Blak and Black’s argument at its most basic is that Australia uses the criminal justice system with its inherent institutional racism and systemic bias as a vehicle for implementing the most subtle and therefore insidious form of genocide imaginable. It is by hiding behind this thin veneer of due process and impartiality that Australia continues to escape world condemnation for its genocidal attitude to its indigenous people.

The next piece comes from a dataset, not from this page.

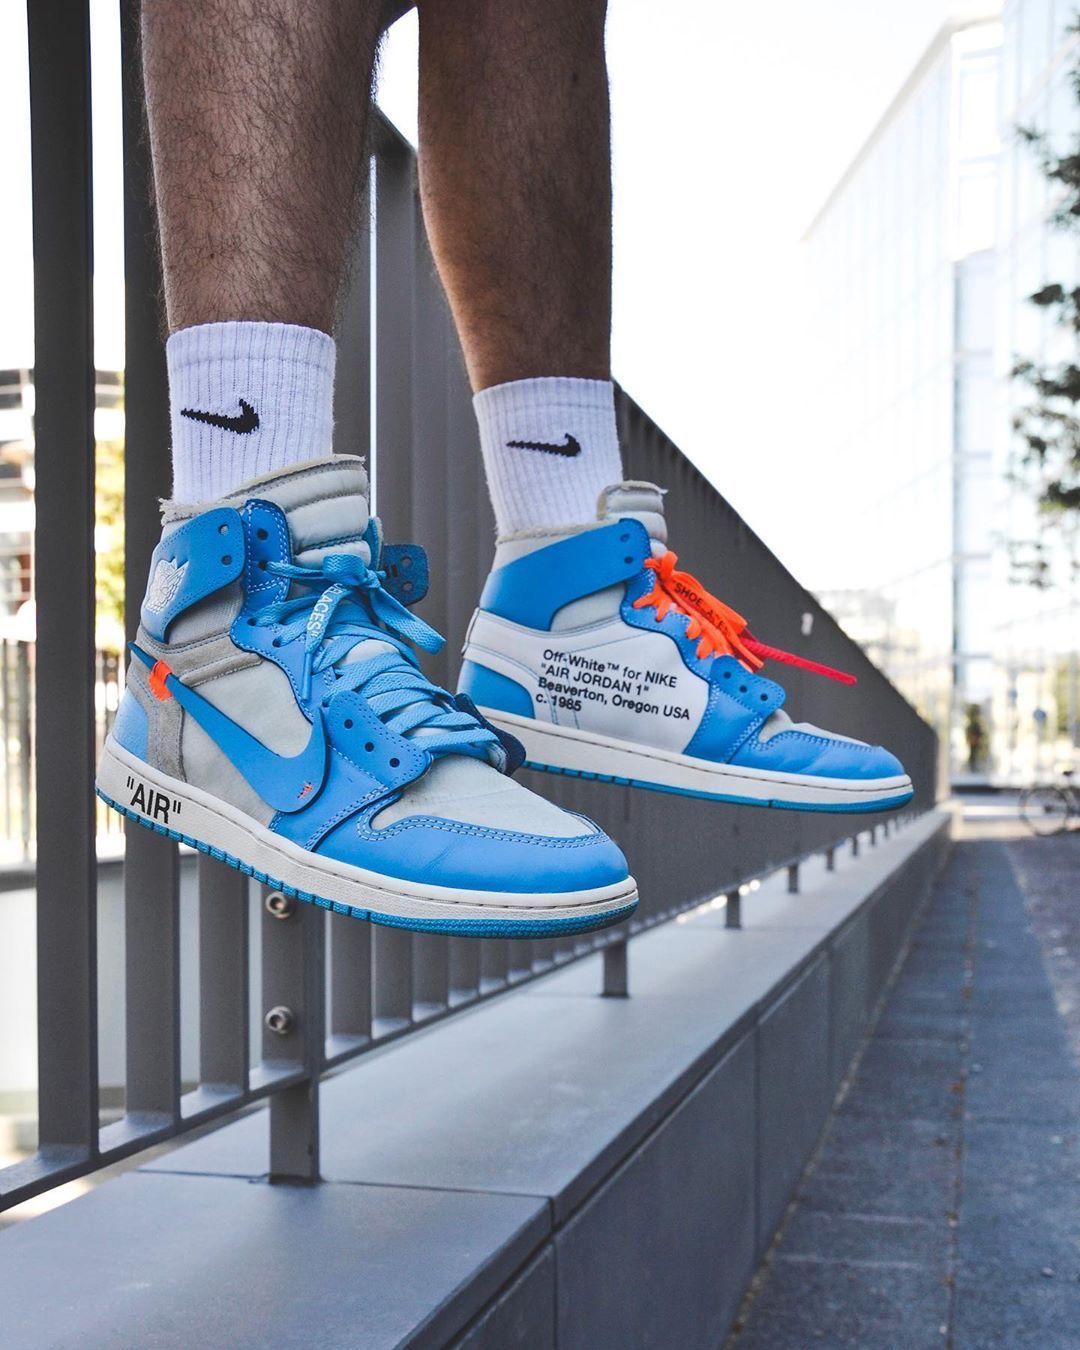 Jordan 1 Retro High Off White University Blue Jordan 1 Retro

The most appropriate starting point for a discussion on racism, discrimination and the overrepresentation of Indigenous people in the criminal justice system is a clarification of the terms. Some reference to terminology is necessary to demonstrate why particular analytical phrases have been employed in the research. There has been considerable disagreement between criminologists as to the veracity of concepts such as systemic racism, and there has also been some lack of conceptual clarity regarding differences between notions such as systemic racism and systemic bias, they tend to be used interchangeably although they in fact refer to different processes.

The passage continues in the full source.